Les territoires personnels

L'ouverture de l'espace privé aux étrangers à la famille ne signifie pas l'abolition des frontières au sein de l'espace familial lui-même. Le désir d'autonomie est au contraire souvent évoqué comme facteur d'évolution des relations familiales. L'idée que la possession d'un espace personnel est nécessaire au bon développement de l'enfant semble acquise par tous les parents et dans la majorité des logements, une place privilégiée est réservée aux chambres d'enfants. Si l'on tient compte des normes considérées comme acceptables, c'est-à-dire la cohabitation de deux enfants de moins de sept ans de sexe différents ou de deux enfants du même sexe de moins de 15 ans, on trouve 20% d'enfants qui vivent hors de ces normes. Il s'agit le plus souvent d'enfants de familles nombreuses appartenant à la population des mal logés des grandes villes. Plus on s'élève dans dans la hiérarchie sociale, plus les enfants bénéficient d'une chambre personnelle. C'est ainsi que 73% des enfants de cadres supérieurs et 70% des enfants de cadres moyens dorment seuls dans une chambre. Ce chiffre est encore de 47% dans les ménages ouvriers. Ceci ne signifie pas pour autant que les enfants jouent et travaillent dans leur chambre. Il y a une relation significative entre le niveau culturel des parents et le fait que les enfants soient plus souvent dans leur chambre, ce qui peut s'interpréter comme la valorisation de l'apprentissage de l'autonomie. Curieusement, le territoire personnel des parents semble beaucoup plus difficile à cerner que celui des enfants. Ainsi, par exemple, les parents, avec une écrasante majorité (85%) déclarent qu'il n'y a aucune pièce interdite aux enfants.

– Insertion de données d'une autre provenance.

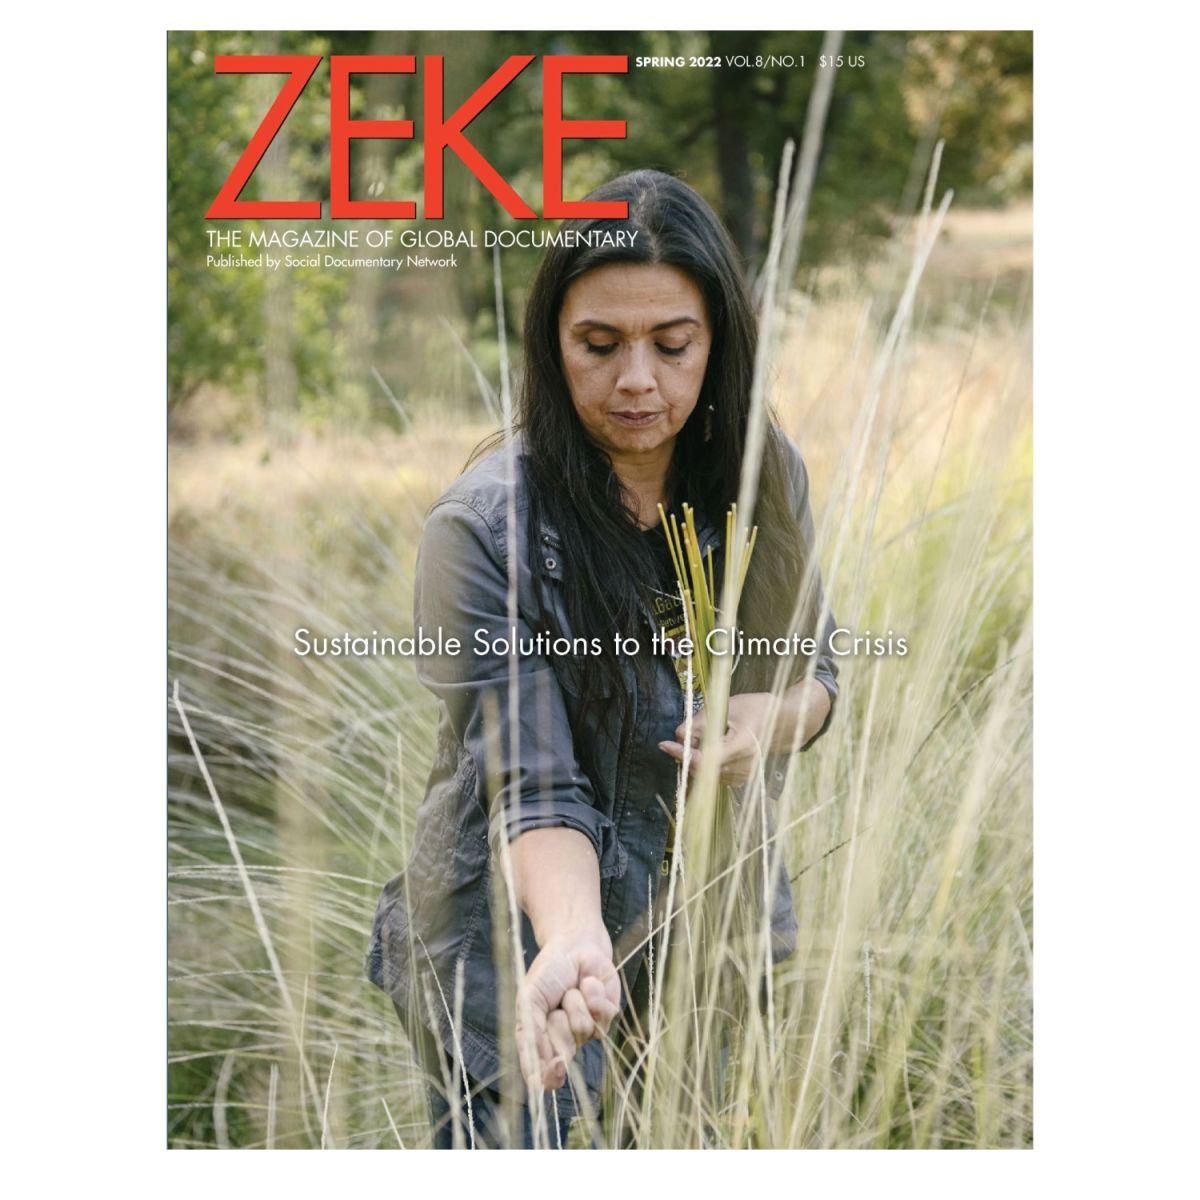 ZEKE The magazine of global documentary - Printemps 2022 Vol.8 No.1

La salle de bains reste le refuge de l'intimité, le lieu ou l'on souhaite être à l'abri du regard des autres. Seulement 29% des sujets qui ne vivent pas seuls laissent la porte de la salle de bains ouverte lorsqu'ils font leur toilette. Ce constat tempère l'idée souvent avancée que la salle de bains pourrait être dans le futur un lieu de convivialité familiale. La salle de bains n'apparaît pas d'ailleurs comme un lieu privilégié d'investissement hédoniste. Bien que l'on sache que beaucoup de salles de bains sont aujourd'hui étroites et mal éclairées, 60% des habitants se déclarent satisfaits de la leur.

Flexibilité d'usage

Accroître la flexibilité, permettre de changer l'usage des pièces en fonction du cycle de vie, autoriser l'habitant qui ne peut pas déménager à effectuer de nouveaux choix d'usage est une solution souvent préconisée par les architectes pour adapter la conception à l'évolution des modes de vie. Vérifier la réalité et le poids du choix de la flexibilité constitue un point intéressant à élucider dans le cadre d'une réflexion prospective sur le logement. Les réponses à une série de questions sur ce thème montrent que le désir de modifier l'usage de l'espace n'est pas aussi répandu que l'on pourrait le penser. Si 78% des français n'ont jamais modifié l'usage des pièces qu'ils occupent dans leur logement actuel, ce peut être parce qu'ils sont dans l'impossibilité de le faire. Cette raison est moins évidente s'agissant des éléments mobiliers où l'on trouve encore 58% de sujets qui déclarent n'avoir jamais modifié l'organisation de leur living-room depuis le premier jour ou il a été installé. Les contraintes environnementales sont avancées comme obstacle par 24% d'entre eux, mais ce chiffre est très inférieur à celui de ceux qui déclarent tout simplement ne pas en avoir envie et qui représentent 40% de la population totales des sujets interrogés. Le désir ou la volonté de changer sont donc quelquefois freinés par les contraintes associées à la conception du logement mais dans la majorité des cas, il s'agit plutôt d'une attitude vis-à-vis du changement. Nous trouvons encore ici une relation significative entre le niveau culturel des sujets et le comportement de flexibilité. C'est ainsi que 54% des jeunes ouvriers déclarent ne jamais changer les meubles de place contre seulement 34% des jeunes cadres supérieurs.

CONCLUSION

Les résultats que nous avons présentés permettent d'esquisser quelques conclusions d'ordre prospectif. Il existe un certain nombre de comportements assez fortement déterminés par des facteurs dont l'évolution est prévisible à moyen terme. En ce qui concerne l'usage de l'habitat, le facteur le plus important est sans doute le développement du travail féminin qui entraîne la simplification d'un certain nombre d'actes de la vie quotidienne. La généralisation du repas à la cuisine en est un exemple. Cette évolution peut laisser penser que nous assistons à une homogénéisation des comportements, homogénéisation qui peut d'ailleurs également s'observer en terme de réticences vis-à-vis de nouvelles pratiques. Malgré une diffusion croissante des nouveaux moyens d'individualiser la préparation et la consommation de la nourriture et contrairement à ce qui se passe semble-t-il dans d'autres pays, le repas familial reste une valeur sûre de la culture française.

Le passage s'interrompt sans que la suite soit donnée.